Music Made the Moment explores how a non-instrumental track in a horror film totally made the scene.
Now is the time on Horror Squad when we dance!

While James Wong's Final Destination may not be the kind of film people suffering from anxiety would want to watch, it is worth watching for those who enjoy ridiculous intricate, gory death scenes, the dynamic writing duo: Glen Morgan and James Wong (X-Files, Millennium), and a campy but fun cameo from fan favorite Tony Todd. What started as an unproduced script for The X-Files has spun off into a successful franchise consisting of four films (a fifth one is coming in 2011), as well as a book and comic series.

You wouldn't expect someone as innocuous as John Denver to play such a pivotal role in a horror film, but his song Rocky Mountain High is the thread that ties the movie's violent death scenes together -- a recurring audio cue signalling that someone is about to suffer an unpleasant ending. The song is both innocent and political in that Denver wrote it after being inspired by a move to Aspen, Colorado (it's actually one of the official state songs) -- but it also makes reference to the commercial tourism market that the singer felt plagued the state. The song boasts lines like, "I've seen it rainin' fire in the sky," which is eerie because Denver died after his plane crashed into the Pacific Ocean in 1997.


And a plane crash is the premonition high school student Alex (Devon Sawa) has when he's about to board a jet bound for Paris with his fellow students. Denver's song is playing over the airport's speakers. He panics and tries to stop the flight, which only results in getting him, a few friends and his teacher Valerie Lewton (Kristen Cloke) kicked off the plane for disorderly conduct. His vision comes true when the airliner takes off and explodes in mid-air, killing everyone onboard. After Alex's best friend Tod (Chad Donella) is strangled in the shower, the surviving teens learn from the mysterious mortician (Tony Todd) preparing Tod's body that death is intervening to kill everyone who was meant to die on the plane. Soon after, Terry is hit by a bus and eventually Alex realizes that Death is killing the group off in the order they would have died in the explosion on the plane.
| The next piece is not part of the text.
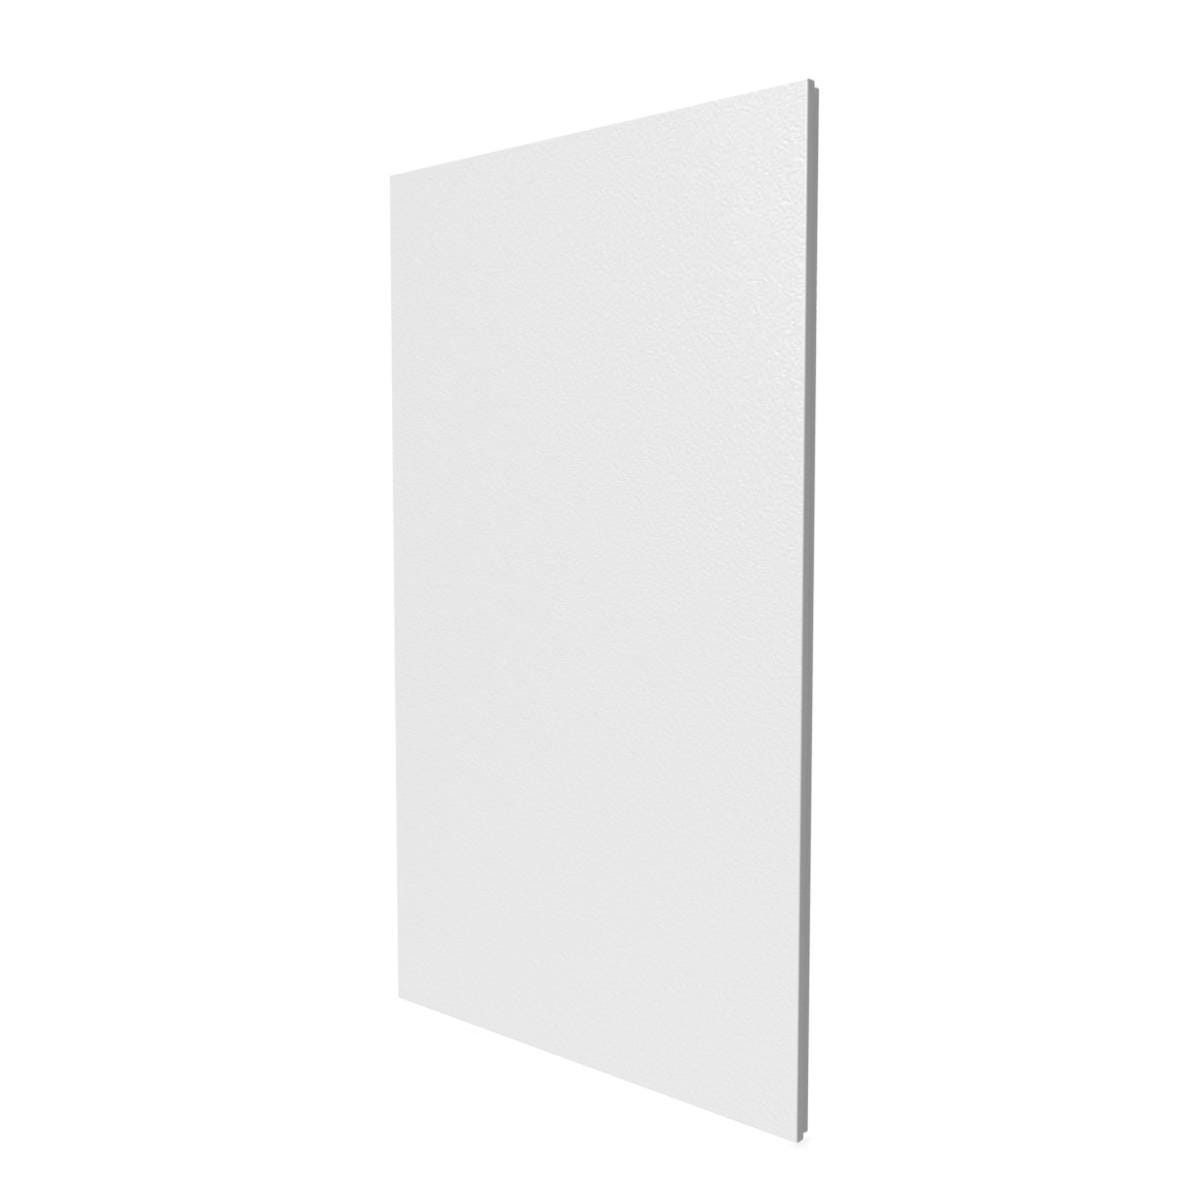 Porte en blanc pour bac encastré 2x13 modules - Finition saillie - H. hors-tout 970 mm 0

Denver's song keeps popping up throughout the film, but the death scene it seems to contrast with the most is the one with the student's teacher, Ms. Lewton. As the scene begins, Valerie is packing her house up and talking on the phone expressing her sadness and complete anxiety over the events that have surrounded her since the plane crash. At this point, Alex has realized that Ms. Lewton is next on Death's list so he heads to her home and lurks outside checking her car tires to make sure they're not going to be the cause of her demise. When Valerie spots Alex, she immediately calls the police who show up and drag him away before he can really explain what is about to happen. Valerie goes back to packing and decides to throw on her "mom's favorite" record -- Denver's Rocky Mountain High. The song puts a smile on her face and she tries to relax by making a cup of tea, but senses something odd in the house. Finally, the mug inscribed with her school's logo (Mt. Abraham High: another clever "death play" happening throughout the film -- references to assassinated presidents), reminds her of the tragic events and she panics -- tossing the hot tea into the sink. Like any frazzled and exasperated person might, Valerie goes for the booze to calm her nerves. She pours ice-cold vodka into her previously hot mug which causes it to crack. She carries the mug across the room to her computer, which leaves a trail of vodka on the floor. When she leans over her computer, some of it drips into the top of the monitor. What follows is another one of Final Destination's Rube Goldbergian death scenes set to the sweet, folk melody of Denver's fated song.

Ms. Lewton's death is perhaps the most drawn out scene making it all the more awful. The last words she utters to herself before her demise are, "You'll be outta here soon. Pretty soon you'll be gone." Oh Death, you cheeky monkey!